Evolution of eIF4E-Interacting Proteins

Abstract

Most eukaryotic mRNAs are translated by a cap-dependent mechanism, which requires recognition of the 5′ cap structure of the mRNA by eIF4E. Due to its crucial role in translation, eIF4E is a major target of regulation. One of the most prominent mechanisms regulating eIF4E activity is through its interaction with numerous proteins termed eIF4E-interacting proteins (4E-IPs). By competing with eIF4G for eIF4E binding, 4E-IPs act in general as translational repressors, although additional functions have been described. In this chapter, we discuss recent functional, phylogenetic and structural evidence that throws light on the evolution of 4E-IPs and evolutionary recurring themes. Phylogenetic analysis suggests that the first identified 4E-IPs, the mammalian 4E-binding proteins (4E-BPs), appeared as a single-copy gene in the last common ancestor of Amoebozoa, Glaucocystophyta, Fungi and Metazoa. 4E-BP is found in all Metazoans except Nematoda. It is found in glaucocystophytes, but has been lost in Viridiplantae.

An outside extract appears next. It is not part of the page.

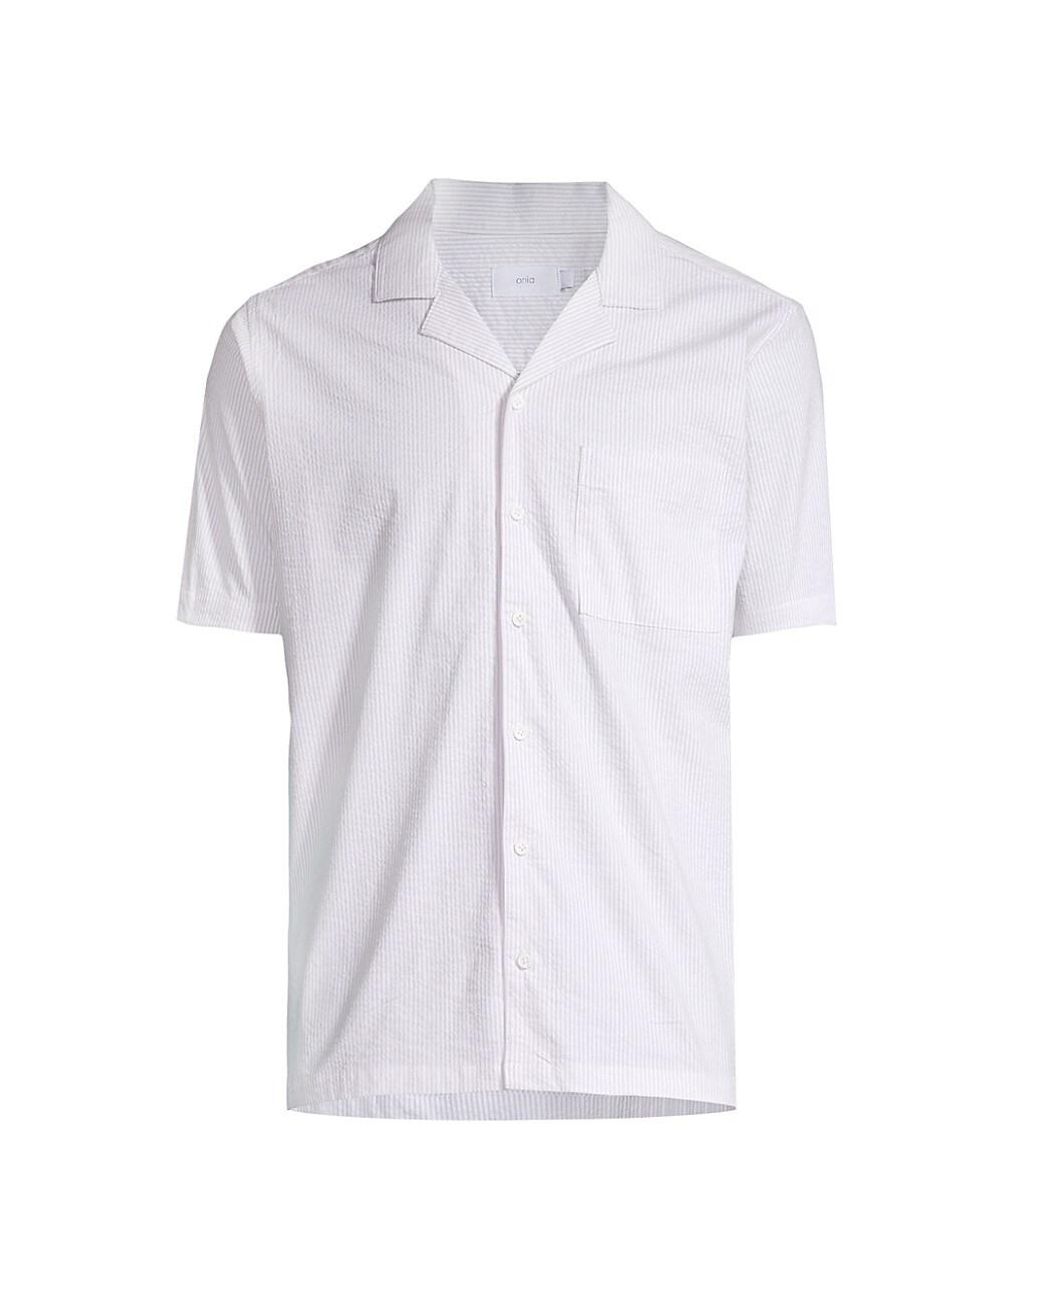 Onia Cotton Seersucker Camp Shirt in Stone (White) for Men | Lyst

It is lost in most fungi, although it can be found in basidiomycetes as well as some glomeromycetes and zygomycetes. 4E-BP has been duplicated in vertebrates with up to six cognates found. 4E-BP seems to be absent, not lost, in most protist lineages since it has not been found in lineages thought to be at the root of the eukaryotes. Additional 4E-IPs, unrelated to 4E-BP, evolved independently in a lineage-specific manner, perhaps by a process of molecular tinkering, i.e., by gene duplication of preexisting proteins from different cellular processes and later in evolution incorporated into translation. Multiple duplications of eIF4E during eukaryotic radiation might have contributed, to some extent, to 4E-IP’s evolution. Some 4E-IPs are shared by different taxa, such as the eIF4E transporter, neuroguidin and Maskin, which are present in Amoebozoa, some/all fungi and the metazoan lineages. Unique lineage-specific 4E-IPs have evolved independently in some taxonomic groups such as Eap1p and p20 in yeasts, SPN-2 in C. elegans and Bicoid in higher Dipterans. Neuroguidin is the only 4E-IP represented in all eukaryotic lineages. Despite the diversity in function, sequence and origin, recent studies have revealed that 4E-IPs exhibit common binding principles when complexed with eIF4E.